But can Joshua be fairly categorized as a member of the general public? The DeShaney opinion acknowledges that the "caseworker made monthly visits to the DeShaney home, during which she observed a number of suspicious injuries on Joshua's head ... [and] dutifully recorded these incidents in her files, along with her continuing suspicion that someone in the DeShaney household was physically abusing Joshua, but she did nothing more." (10) Chief Justice Rehnquist further mentions several instances where emergency room personnel called DSS about Joshua's injuries and notes that on the caseworker's final two visits to the DeShaney home she was told that Joshua was too ill to see her. "Still, DSS took no action." (11) And yet, the majority opinion assigns no liability to DSS because the Court did not see Joshua's situation as one of state-created danger and did not find that the state's intervention gave rise to a special relationship with Joshua.
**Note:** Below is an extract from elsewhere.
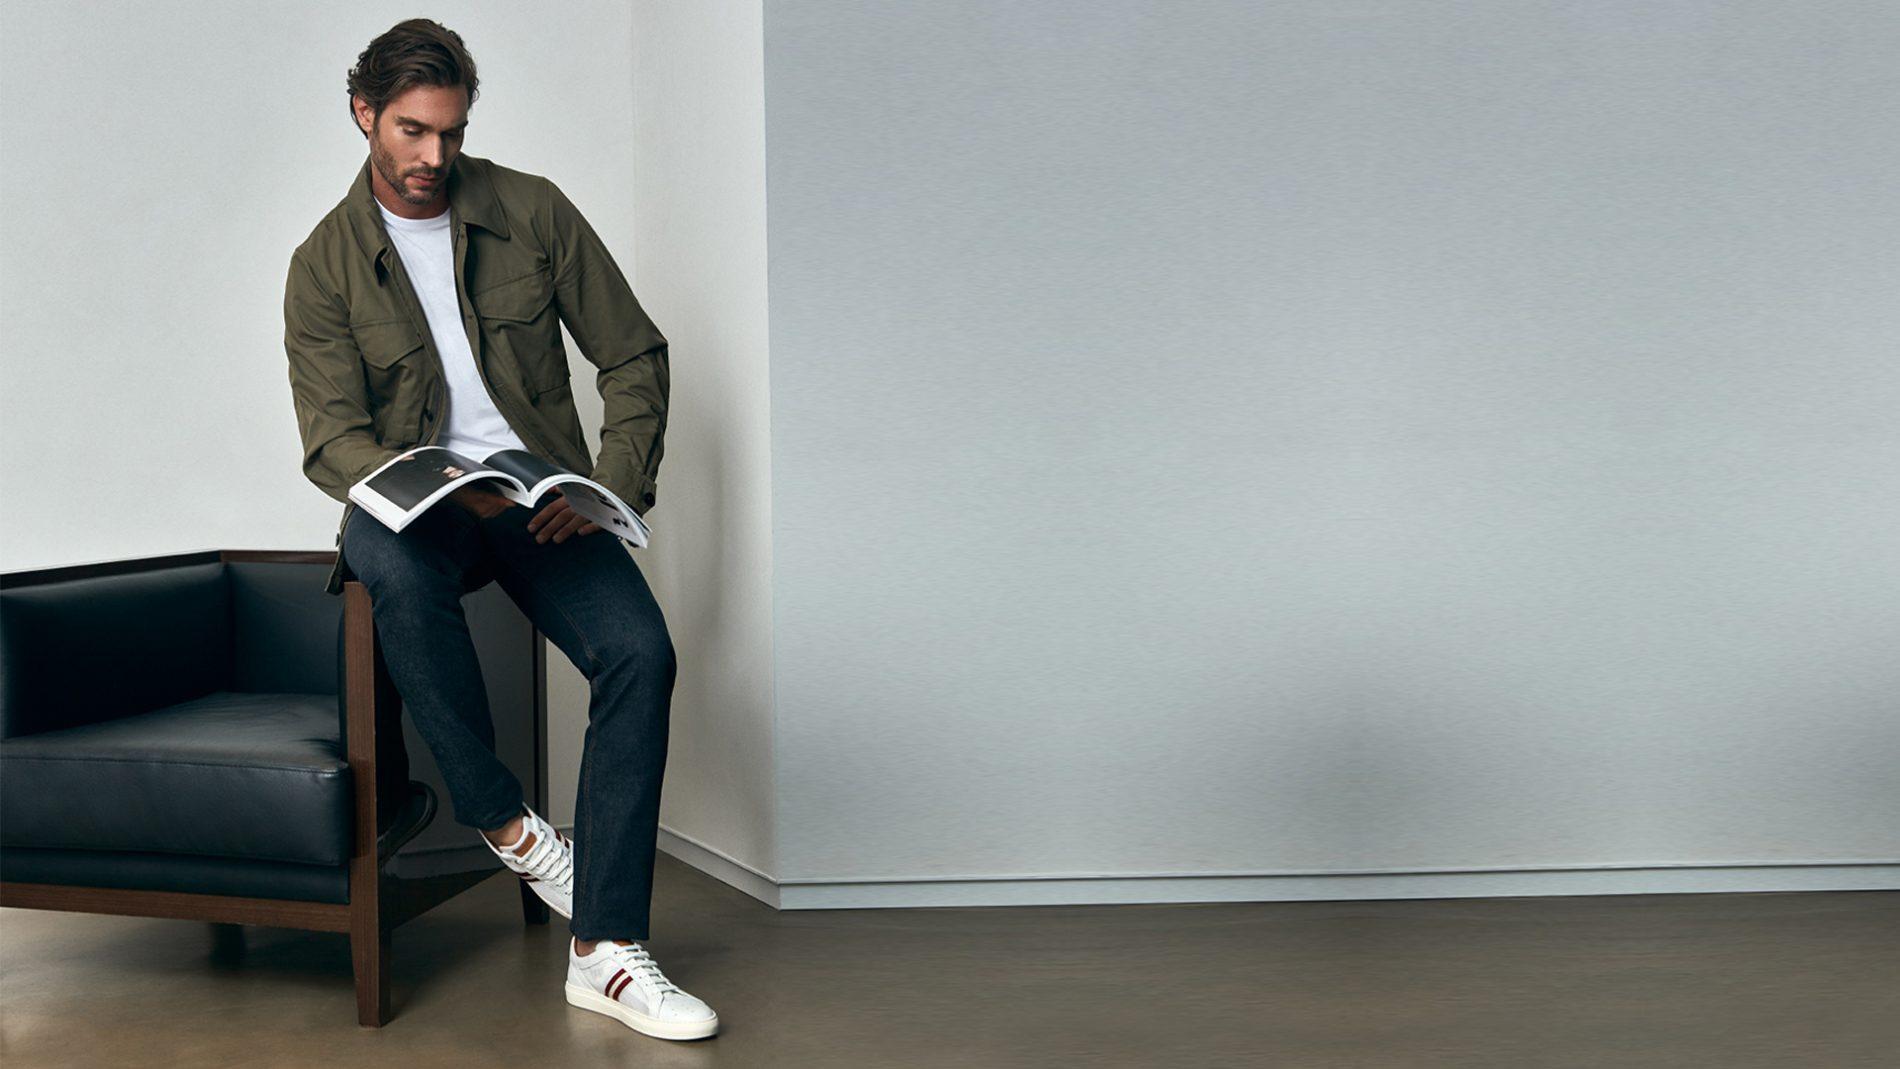 El Corte Inglés Designer Menswear Sneakers Tom Ford Alexander McQueen Berluti Bally

Indeed, the Court says of the state actors in this case, "they stood by and did nothing when suspicious circumstances dictated a more active role for them," (12) but this is not enough to establish a constitutional duty.

This Note will argue that although the DeShaney decision developed a workable legal framework, the Fourteenth Amendment has more to say about how states protect children from abuse and neglect. Abused children across the country should have the right to be reasonably protected by child welfare agencies that foreclose aH other would-be rescuers. (13) The Court has before carved out very narrow, special constitutional rules to protect the interests of child abuse victims, (14) and it should do so again. Part I will suggest that the DeShaney decision did not fully analyze the particular context of child abuse. Part II will demonstrate that Congress has attempted to improve child safety via legislation, but that actual improvement has not happened. Furthermore, an economic analysis cuts in favor of a constitutional remedy. Part III will address the DeShaney framework by arguing that when a child welfare worker intervenes in a family, a special relationship does arise. Thus, when a welfare agency unreasonably keeps an abused child in his home, the home becomes a state-maintained and controlled environment and is--in effect--that child's prison. Part IV will distinguish substantive due process claims from those made in the procedural due process context, a distinction important both for determining the threshold state of mind required for culpability and for shaping the remedies discussion. This section will argue that deliberate indifference in the context of a state agency's special relationship to children should trigger [section] 1983 liability. Part V will suggest and defend a narrow due process solution wherein abused children's rights to reasonable state protection match prisoners' rights to the same.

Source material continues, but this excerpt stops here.